# MK6 Oil Pump Replacement



## kylerwatkins12 (Jun 16, 2015)

I think my oil pump is going bad, or the pickup line is clogged. I searched around and couldnt find a diy for replacing the pump or unclogging the pickup line. Does anyone have a diy or know how difficult of an install this is?
Thanks for any help.

Sent from my SM-G920T using Tapatalk


----------



## afawal2014 (Jul 13, 2016)

kylerwatkins12 said:


> I think my oil pump is going bad, or the pickup line is clogged. I searched around and couldnt find a diy for replacing the pump or unclogging the pickup line. Does anyone have a diy or know how difficult of an install this is?
> Thanks for any help.
> 
> Sent from my SM-G920T using Tapatalk


Are you getting the low oil pressure light come on?

What year, engine and mileage on your car?

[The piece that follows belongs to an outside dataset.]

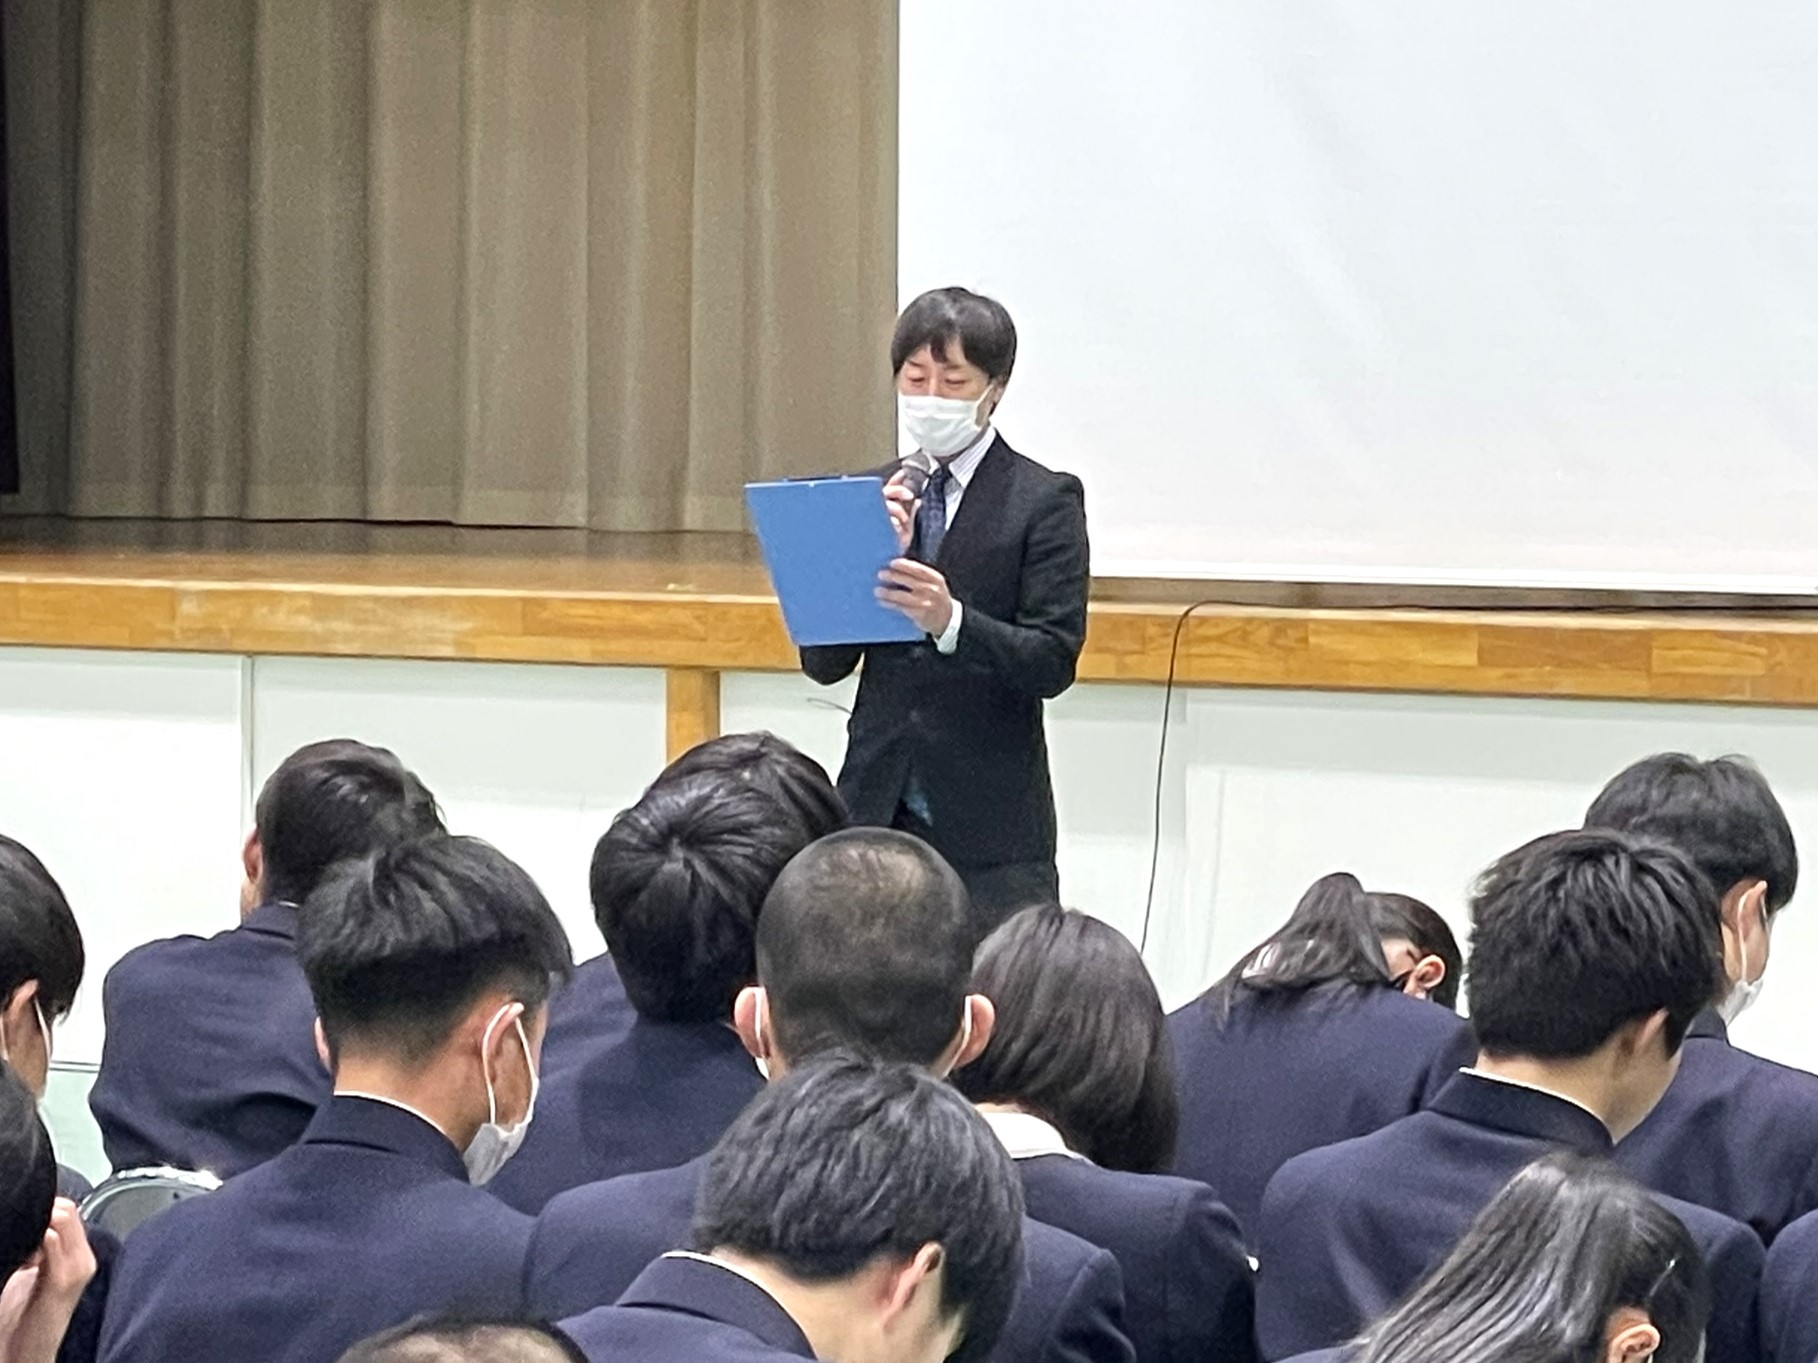 令和6年3月16日（土）、茂木高校で行われた「課題研究発表会」で、看護学部の荻原講師が指導助言者として参加しました。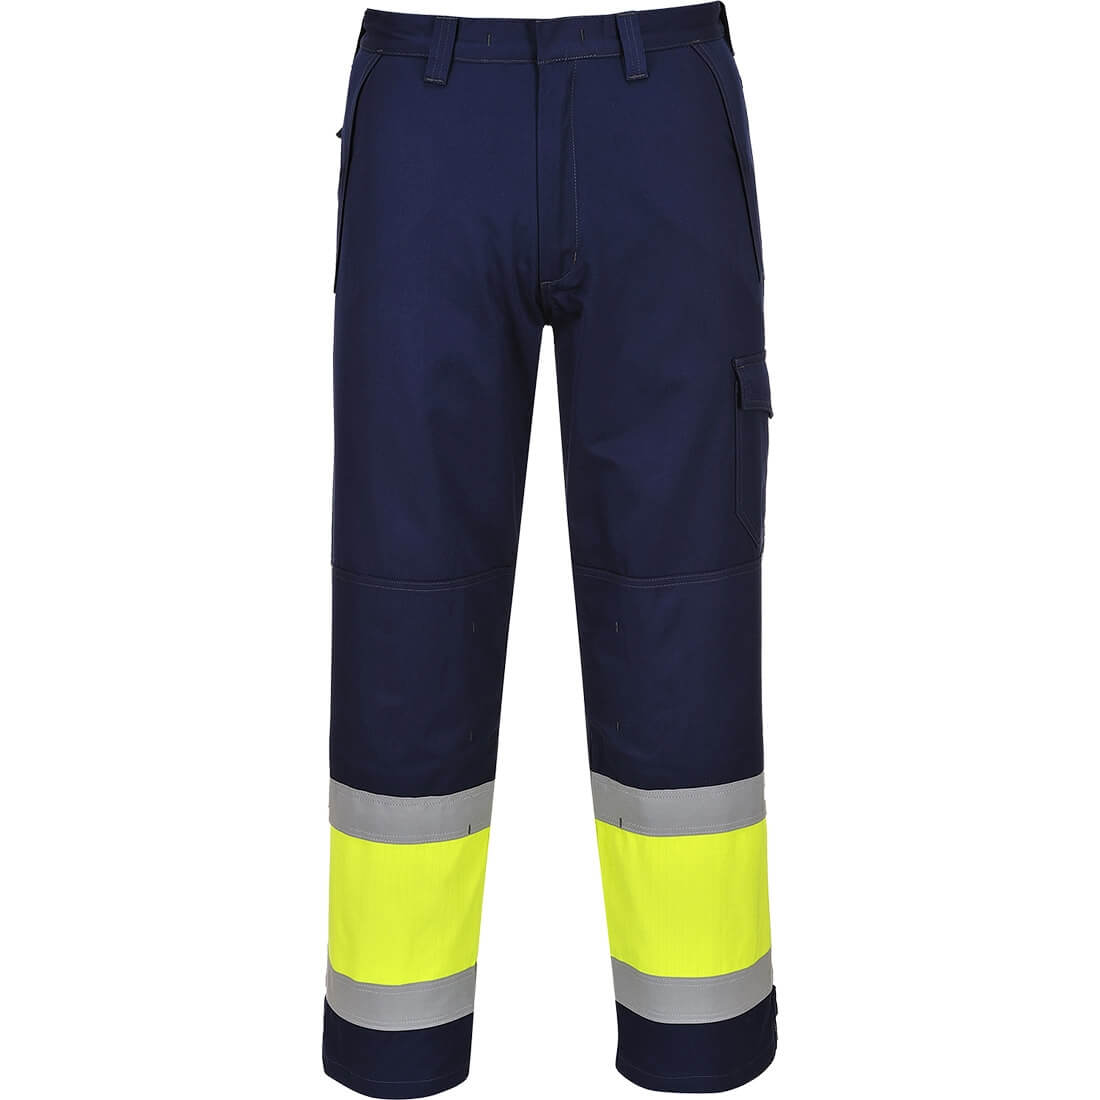 Pantalon de alta visibilidad MODAFLAME - Ropa de protección

Last year, I had this issue and suspected the oil pump. I eventually traced the problem down to a bad PCV leading to water in the oil causing sludge and clogging the pickup screen and line.


----------



## kylerwatkins12 (Jun 16, 2015)

Yes the light only comes on if the car is not warmed up. If i allow it to warm it wont come on. I have a 2012 2.5 with close to 87k

Sent from my SM-G920T using Tapatalk


----------



## afawal2014 (Jul 13, 2016)

kylerwatkins12 said:


> Yes the light only comes on if the car is not warmed up. If i allow it to warm it wont come on. I have a 2012 2.5 with close to 87k
> 
> Sent from my SM-G920T using Tapatalk


Then you most likely had the same issue I did. I have a 2011, and the issue came up around 75k miles last winter.

Check your dipstick, do you see any yellow / white foam on it? If so that you likely have a bunch of sludge buildup in your oil pan causing the pickup screen and tube to get clogged up. When the engine warms up, the oil gets thinner so it flows more easily. But until your engine oil is warm, you could be starving certain areas of the engine of oil.

I took mind to my local mechanic, dropped the oil pan, got everything cleaned out. The water kept coming back until I traced the issue back to the PCV and replaced the valve cover. I know that there is a PCV repair kit you can buy, but I ended up replacing the entire valve cover. I've read mixed reviews on the PCV repair kit. The PCV valve is built into the valve cover.

If you do have the sludge build-up. I recommend you do what I did and then change the oil again after 1500 miles to "flush" your engine.

You need to get this looked at ASAP.

Good luck.


----------